Alfred Perceval Graves

The most notable of the Bishop’s children was Alfred Perceval Graves born in 1846. Alfred entered the Civil Service and joined the Home Office as private secretary to the under-secretary Winterbotham. For several years he was honorary secretary of the Irish Literary Society. He also served twice as president and George Bernard Shaw was a constant visitor to his home, Red Branch House, at Wimbleton.

Shaw seems to have followed the Graves around. His most famous son was author and poet, Robert Graves. Alfred Perceval Graves edited many works of Irish interest including “The Irish Fairy book” (1990). His famous ballad “Father O’ Flynn” was published in “Songs of Old Ireland”. It was set to music by Sir Charles Villers Stanford. The ballad was based on Father Michael Walsh, the Parish Priest of Sneem, also known as parish of Kilcrohane East, or Ballybog.


The Graves Family

"Father O’ Flynn"

“Here’s Health to you, Father O’Flynn, Slainte, and Slainte, and Slainte again; Powerfulest Preacher, and Tinderest teacher, And Kindliest creature in ould Donegal.”
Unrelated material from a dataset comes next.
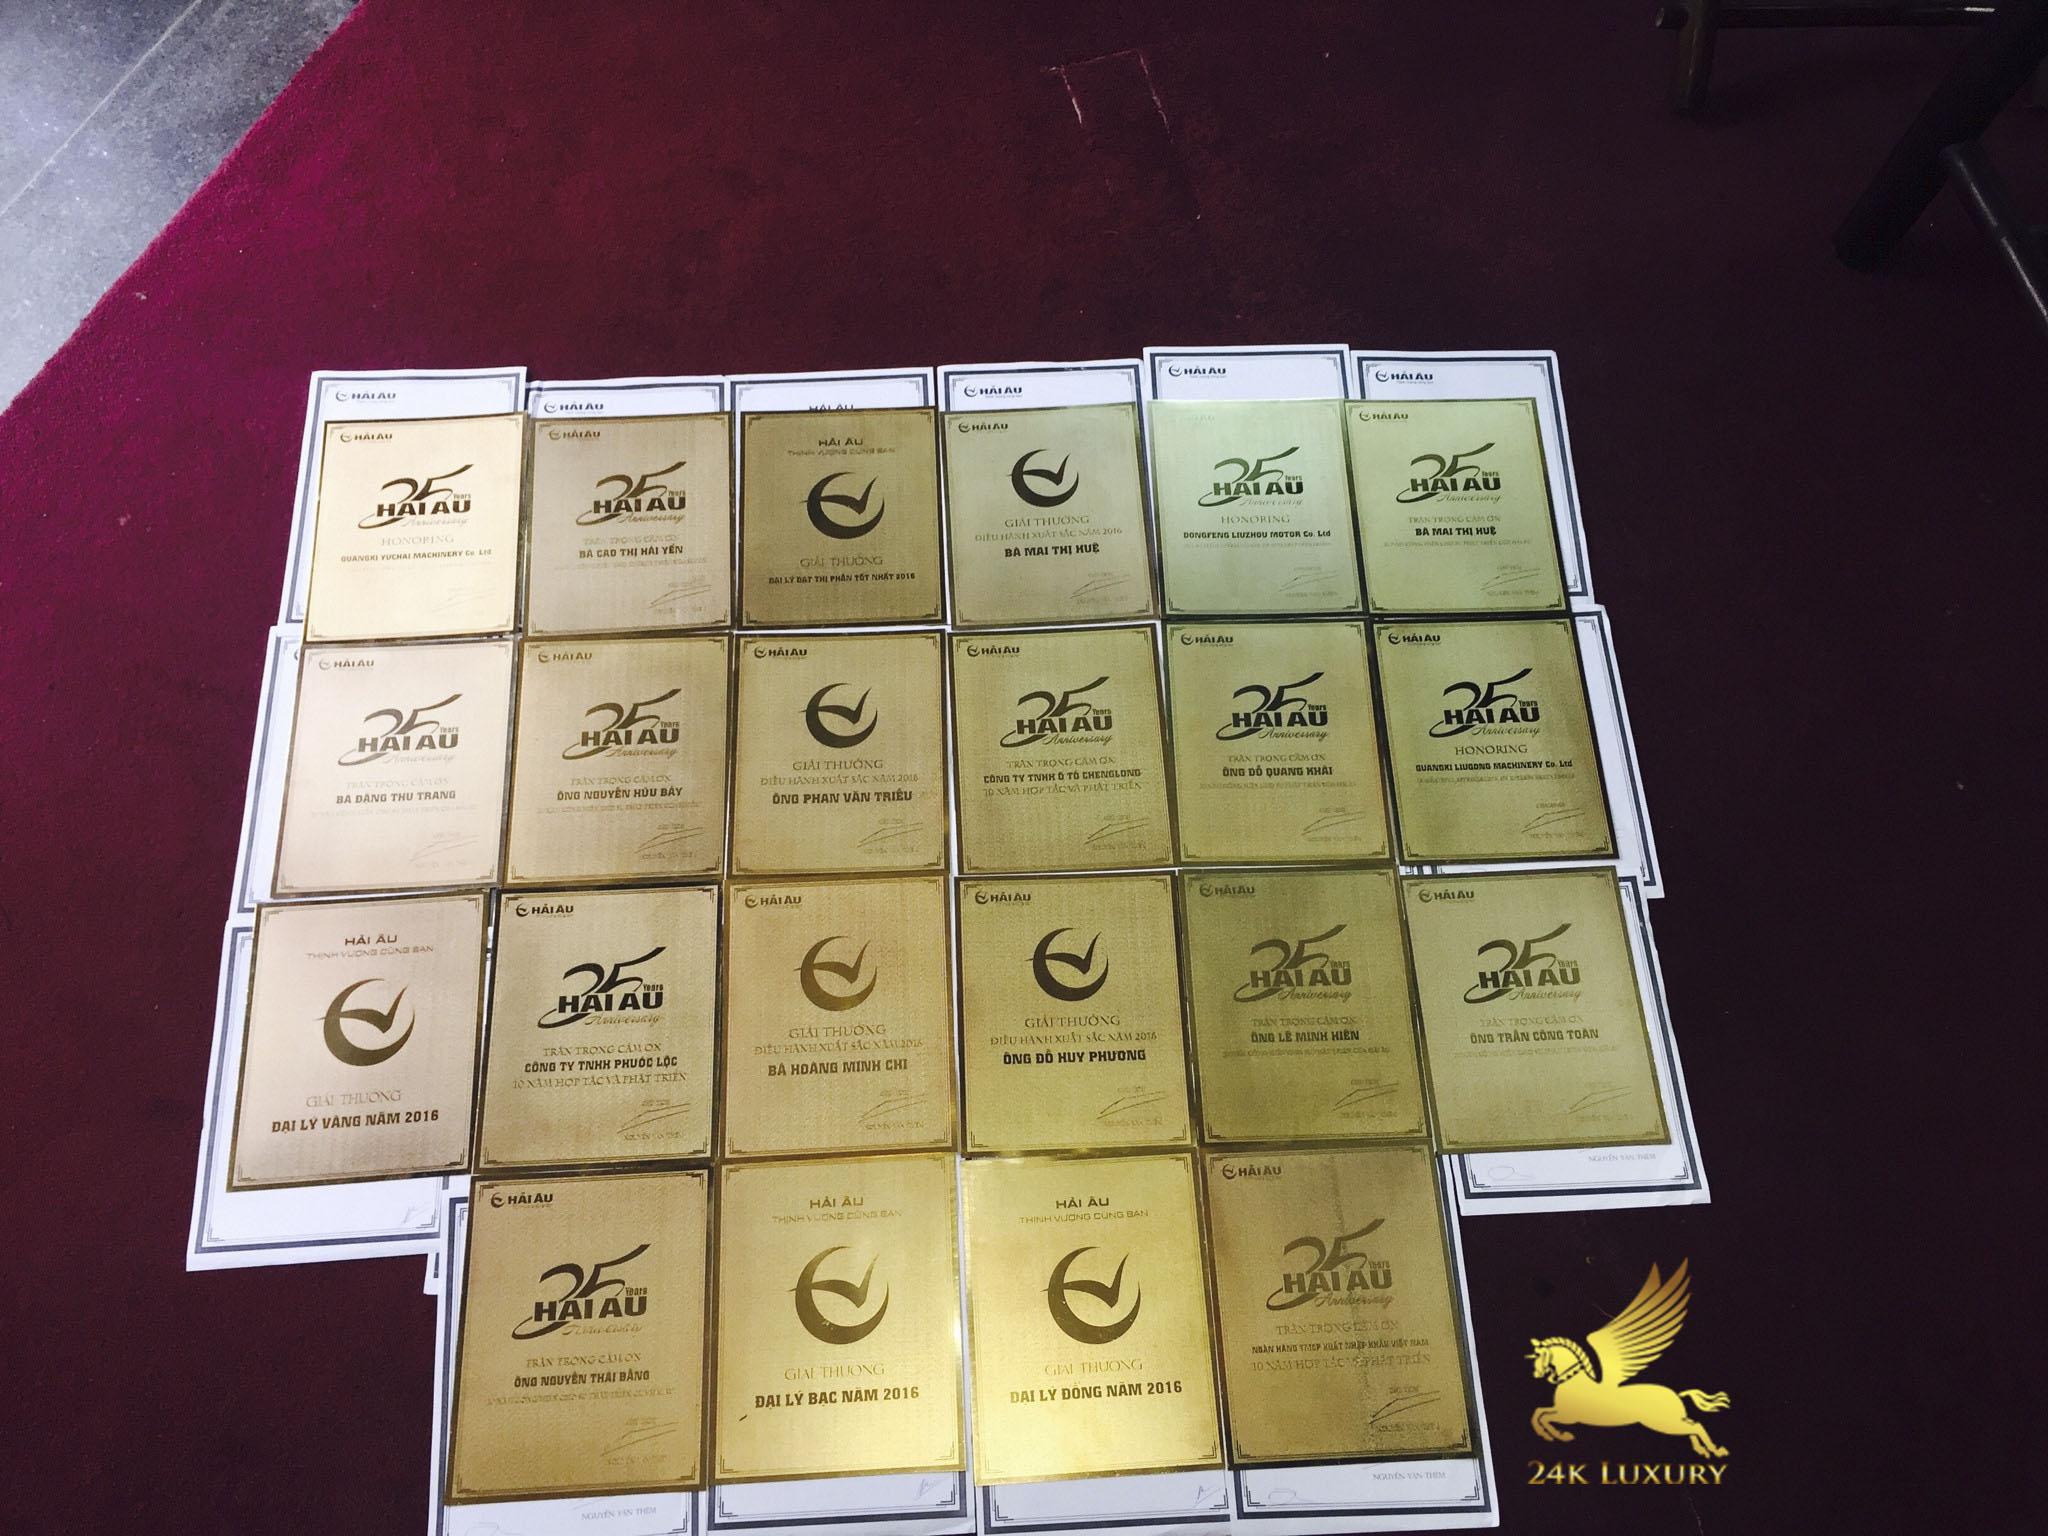 Kỷ niệm chương mạ vàng góp phần tôn vinh giá trị của món quà,         mang lại dấu ấn đặc biệt gửi tặng đến người nhận

The ‘Donegal’ was put in purely for rhyme as ‘Sneem’ didn’t quite fit into the rhyming scheme. Father Walsh got on very well with the Graves and the Blands and socialised with them. James Franklin Fuller describes how he often spent a strenuous day coursing with Father Walsh. He says he was ‘in every every sense the grand old man, beloved by his flock, and standing high in the estimation of all Protestant gentry of the Parish.’

The Graves Family

The background of the new era

The Bianconi system of cars and the railways were a great stimulant for internal tourism in Ireland. In December 1834 the first Irish railway was opened for traffic on the Dublin and Kingstown Railway. It was extended to Dalkey in 1844. Its contractor, William Dargan, was known as the ‘Father of Irish Railway’. At the beginning of the 1940s there were just over 31 miles of railway in Ireland. By the close of the decade there were 700 miles of railway. Private enterprise, subject to parliamentary control, gave Irelands its railways. There was great rivalry between the different companies.

The Graves Family

Great Southern Emergence

In the south of Ireland, the most important railway was the Great Southern and Western Dublin-Cork link opened in 1849. Railway companies built seaside terminus hotels and promoted excursions. Cooks ran the first package tour from America to Killarney and Glengarriff in 1895. This is what the hotels were originally designed for. They were resort hotels to be supplied with customers by the new railway lines. Killarney to Dublin opened in 1853. The railway hotel in Killarney opened in 1854. In 1861, Queen Victoria visited Killarney, arriving by train from Dublin. She was en route to Muckross. In 1893 Kenmare became the terminus of a branch line.

The Graves

The becoming of the Hotel

The Derryquin Estate was sold in 1891 in various lots. The part of the property which had been leased by Bishop Graves was sold in one lot. The Bishop bought it and sold it a couple of years later to the Southern Hotel Company. On 1st May 1895, the Southern Hotel, Parknasilla opened, with furnishings from Messrs Millar & Beattie of Dublin. The name ‘Parknasilla’, which meant ‘Field of the willows,’ began to appear on maps. It was also referred to as ‘The Bishop’s House Hotel, Parknasilla.’